Sus yemas acariciaban los cartuchos de los bolsillos, mientras su imaginación se detenía en la forma indeterminada de Cottle bajo el escritorio…

—Busquen lo que quieran —dijo afablemente, como aliviado al comprender al fin lo que esperaban de él—. Adelante.

—No le estoy pidiendo registrar su domicilio, señor Wiles. ¿Comprende la situación?

—Claro. Lo sé. Está bien. Adelante.

Si los invitaba a entrar, cualquier pista que encontrasen podría ser utilizada en un tribunal. Si en cambio entraban sin invitación, sin un permiso o sin una razón adecuada para creer que alguien pudiera estar en peligro dentro, un tribunal rechazaría esa misma prueba.

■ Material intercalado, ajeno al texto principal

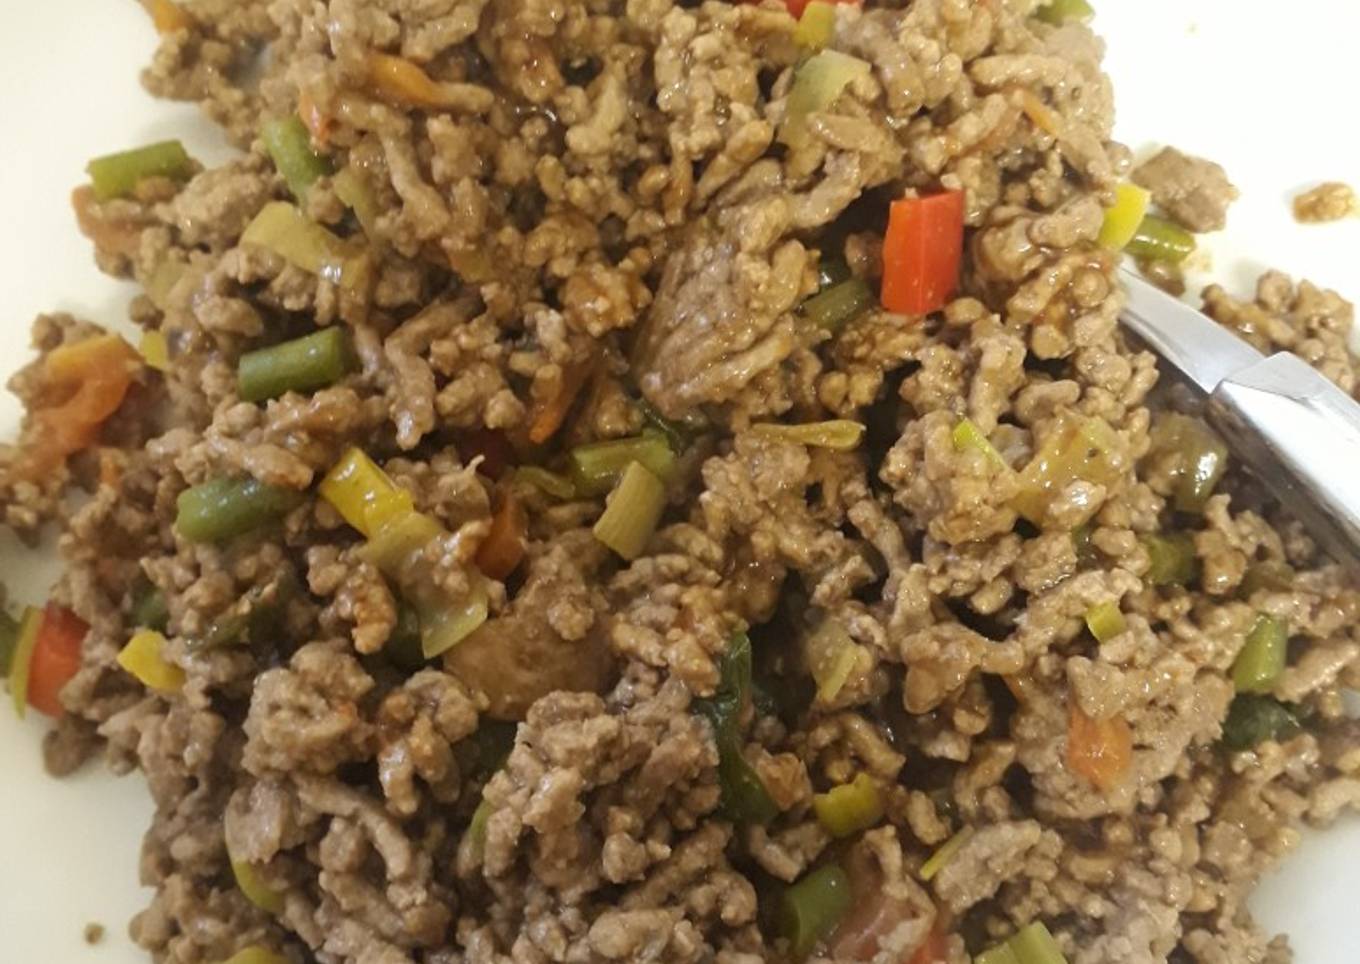 Minced beef and veg

Los sargentos considerarían la cooperación de Billy, generosamente ofrecida, como una decisiva señal de inocencia.

Se sintió lo bastante relajado como para sacar las manos de los bolsillos.

Si se mostraba abierto, tranquilo y lo bastante alentador, ellos podrían determinar que no tenía nada que esconder. Se marcharían sin molestarse en registrar la casa.

Napolitino miró a Sobieski, y éste asintió.

—Como se va a sentir mejor si lo hago, echaré un breve vistazo por la casa, señor Wiles.

El sargento Napolitino rodeó la parte delantera del coche patrulla y se encaminó hacia los escalones del porche, dejando a Billy con Sobieski.